Work to be completed:
In your copy, leave out the pictures; write out all the data exactly.

Data section START

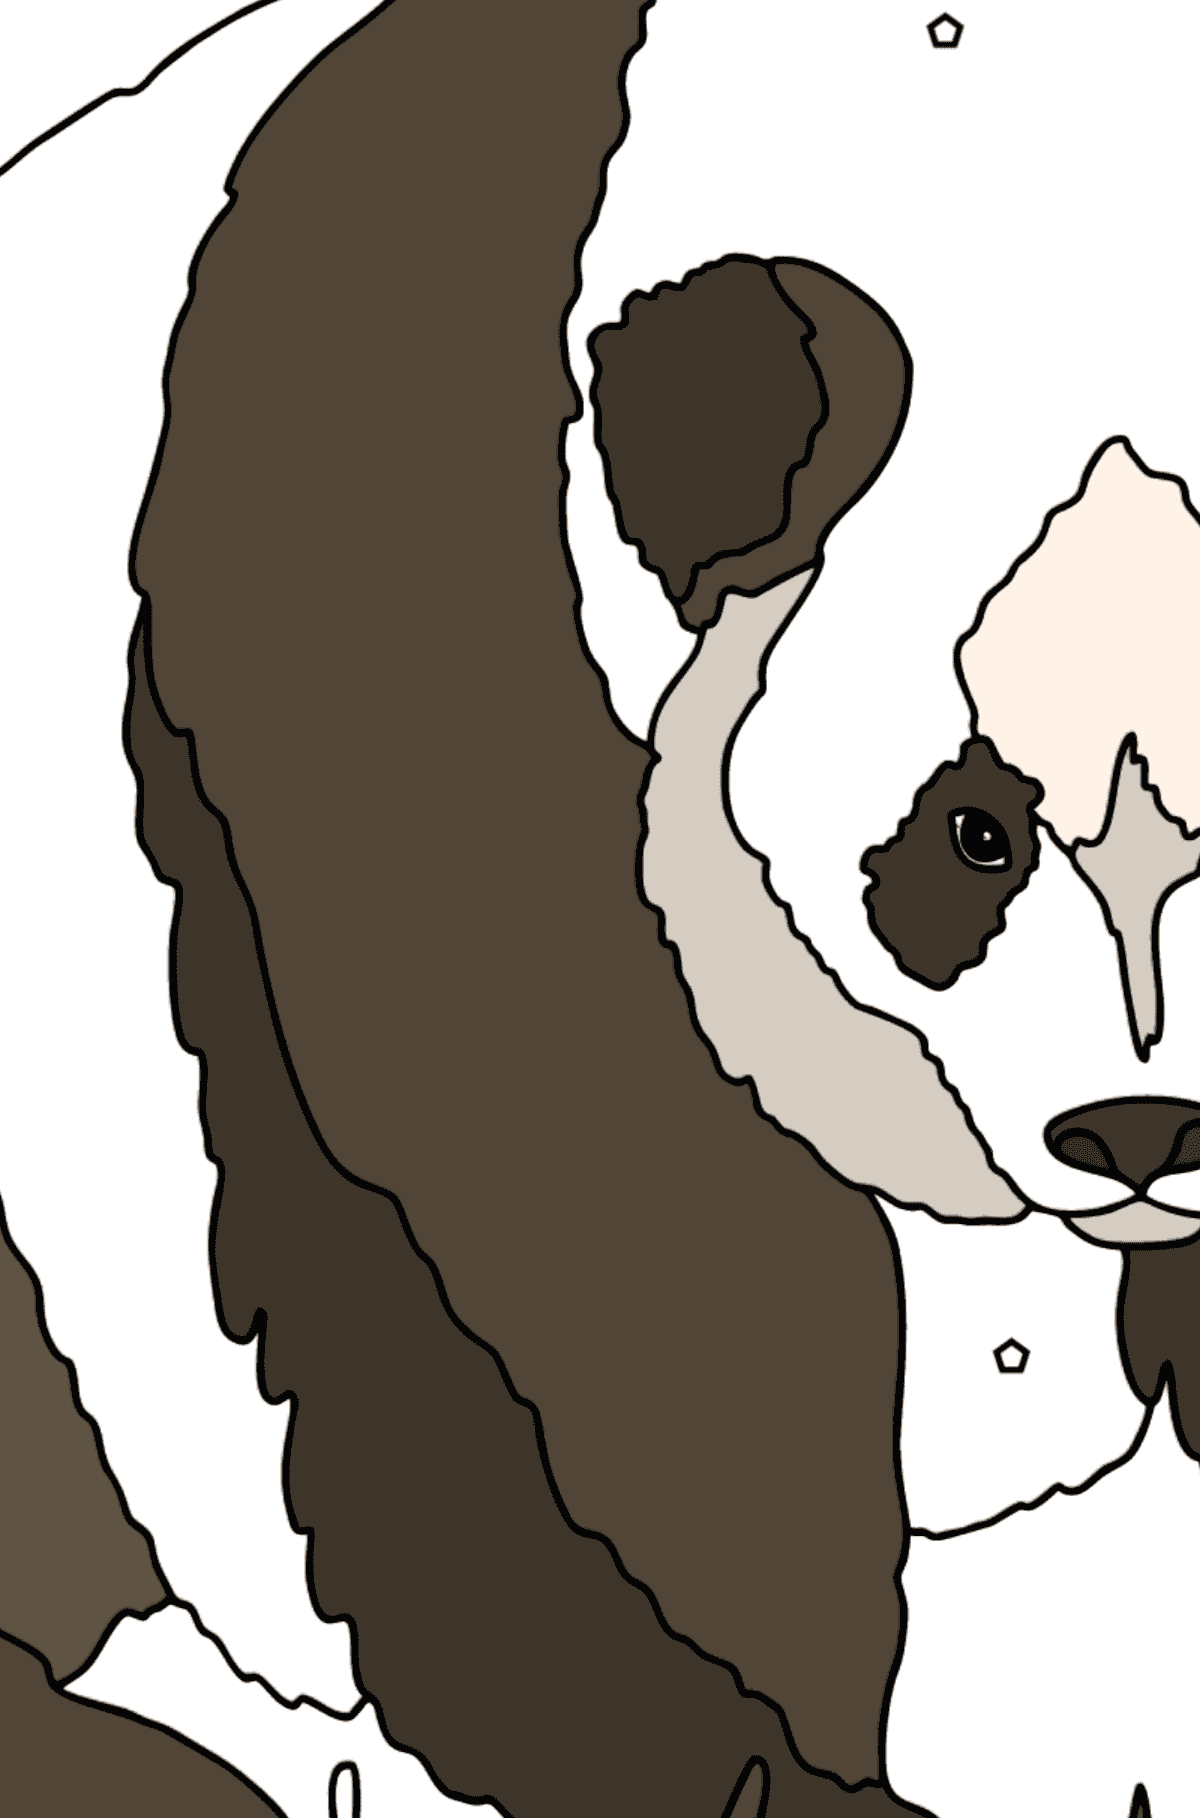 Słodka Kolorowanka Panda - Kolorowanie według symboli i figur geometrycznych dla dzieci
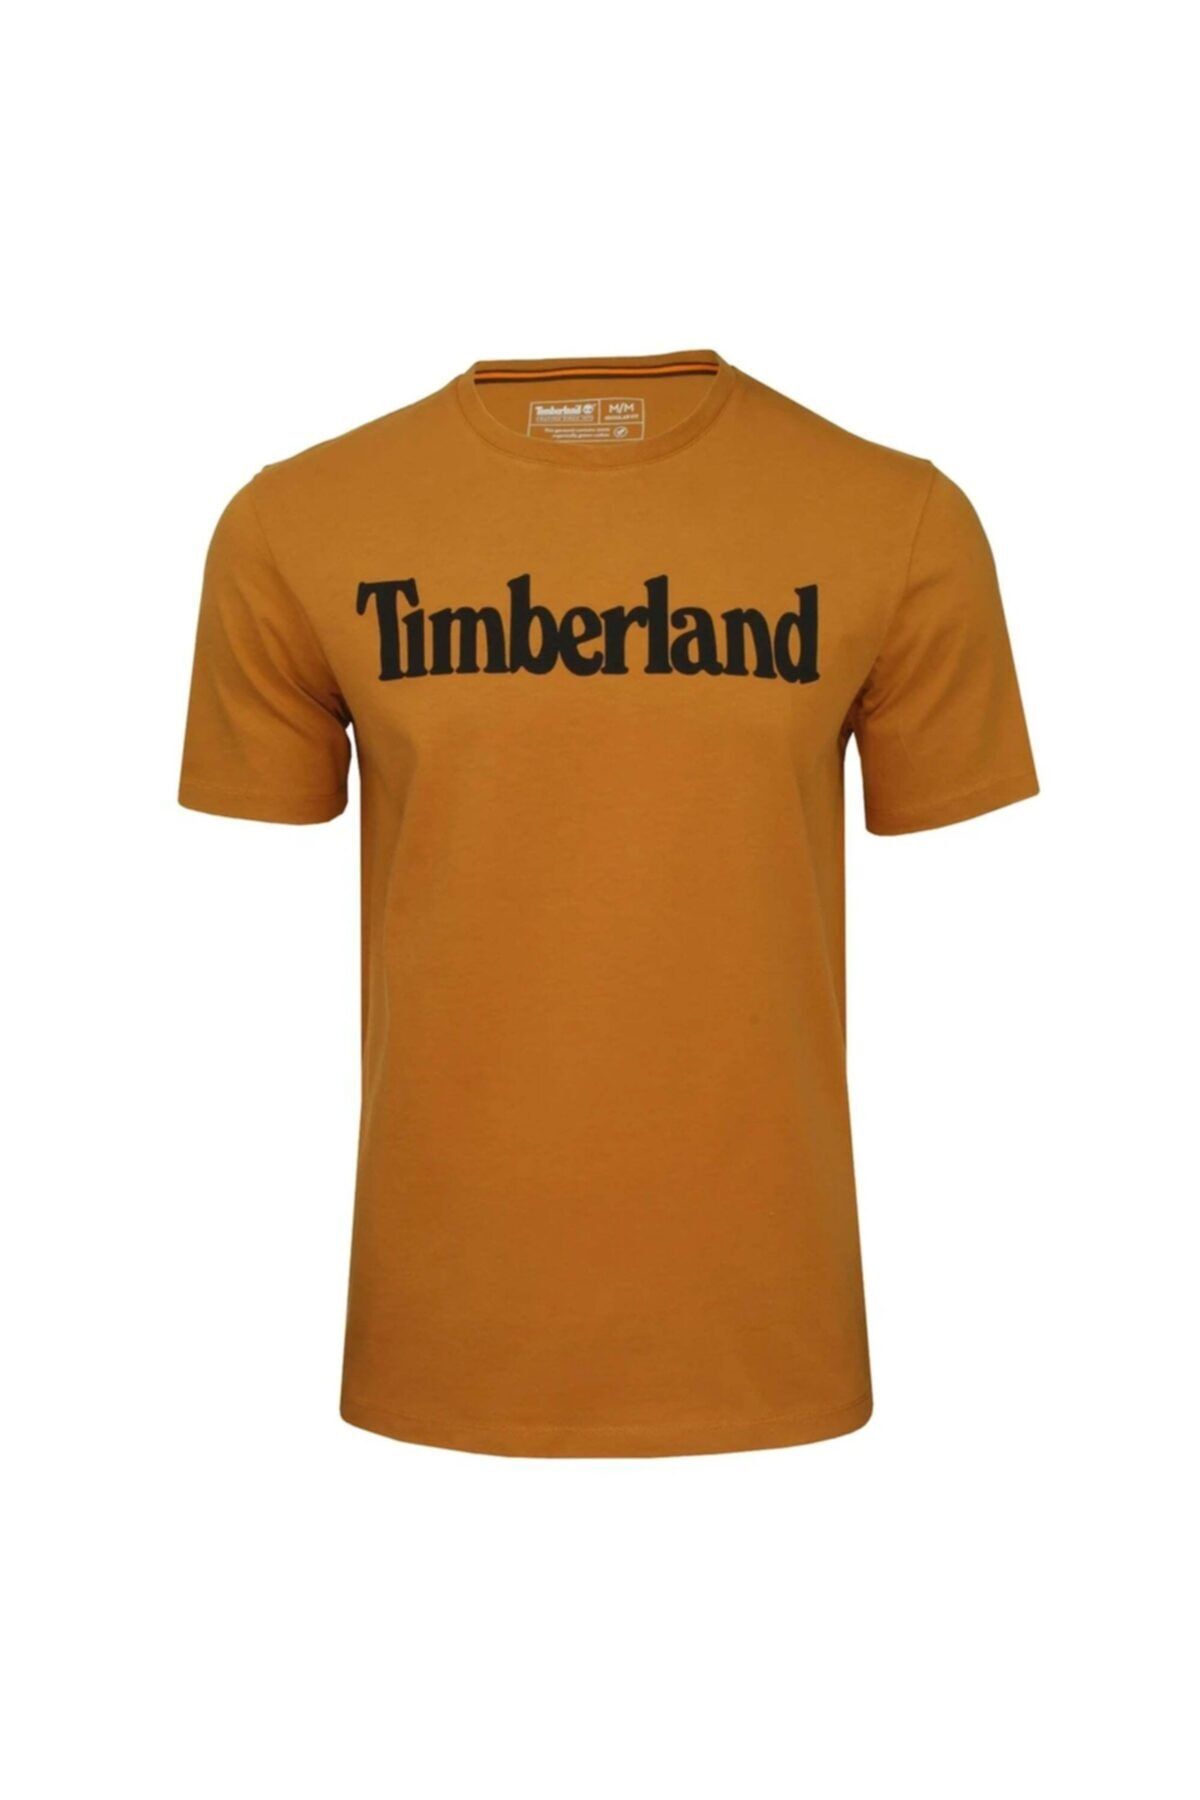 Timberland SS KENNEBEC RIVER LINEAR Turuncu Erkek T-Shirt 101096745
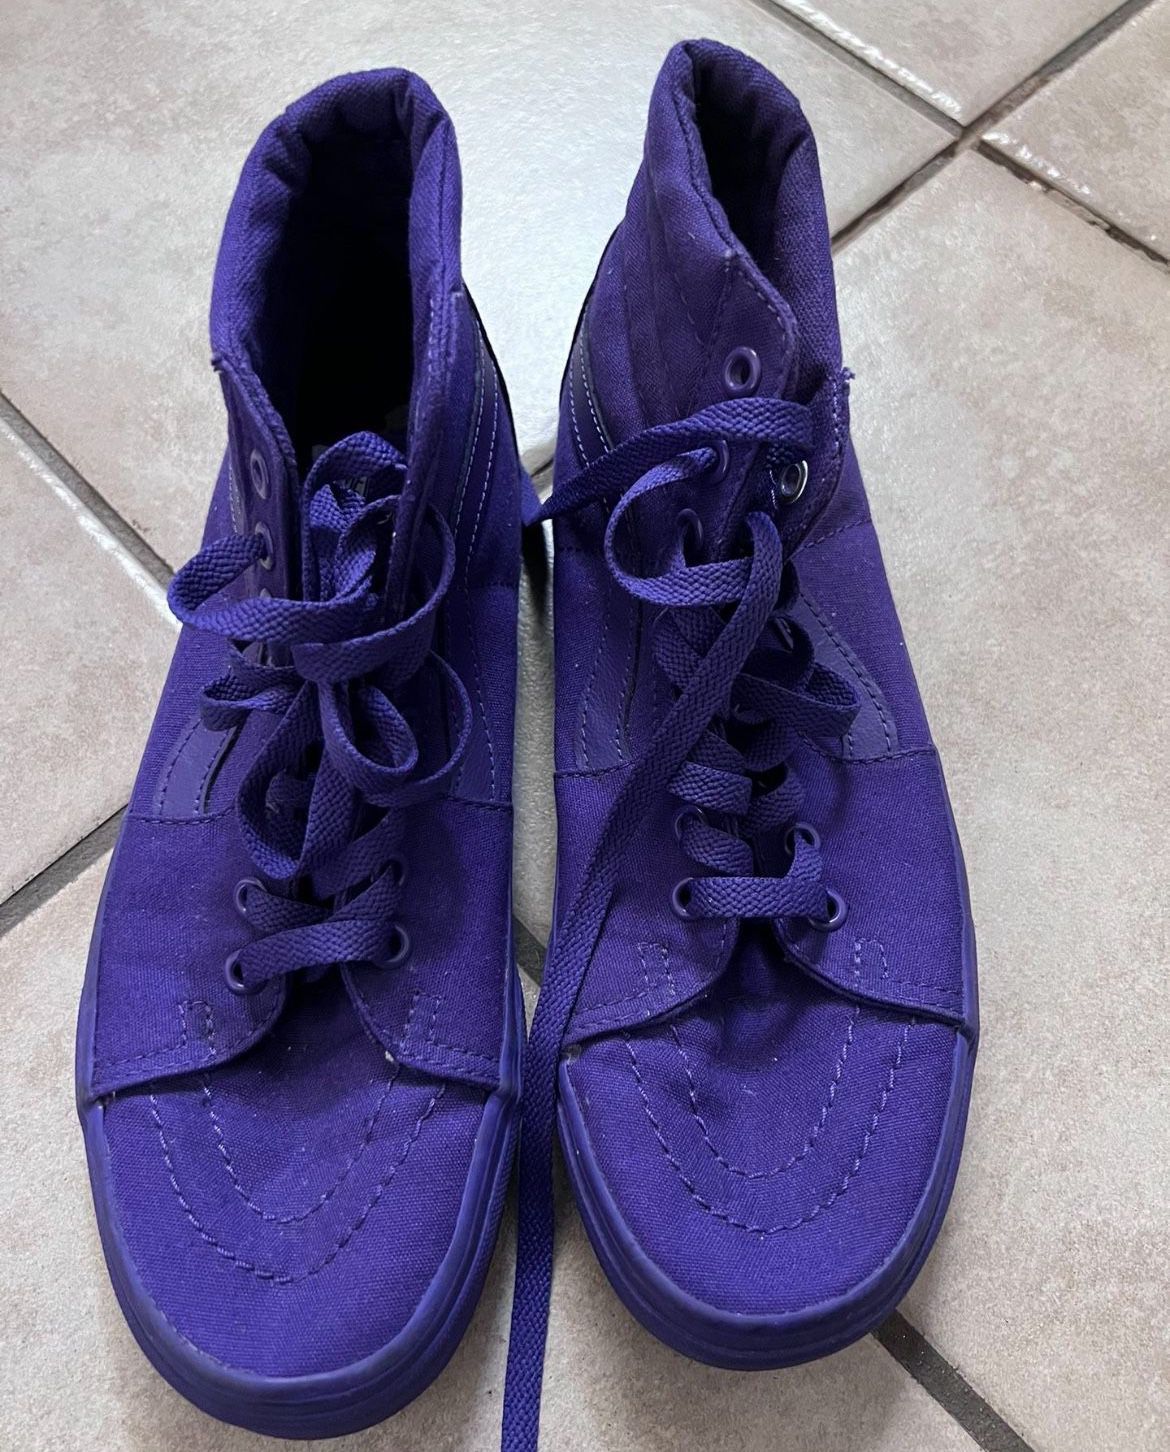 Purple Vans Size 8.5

Data section END

Reply to the exercise:
 Słodka Kolorowanka Panda - Kolorowanie według symboli i figur geometrycznych dla dzieci
 Timberland SS KENNEBEC RIVER LINEAR Turuncu Erkek T-Shirt 101096745
 Purple Vans Size 8.5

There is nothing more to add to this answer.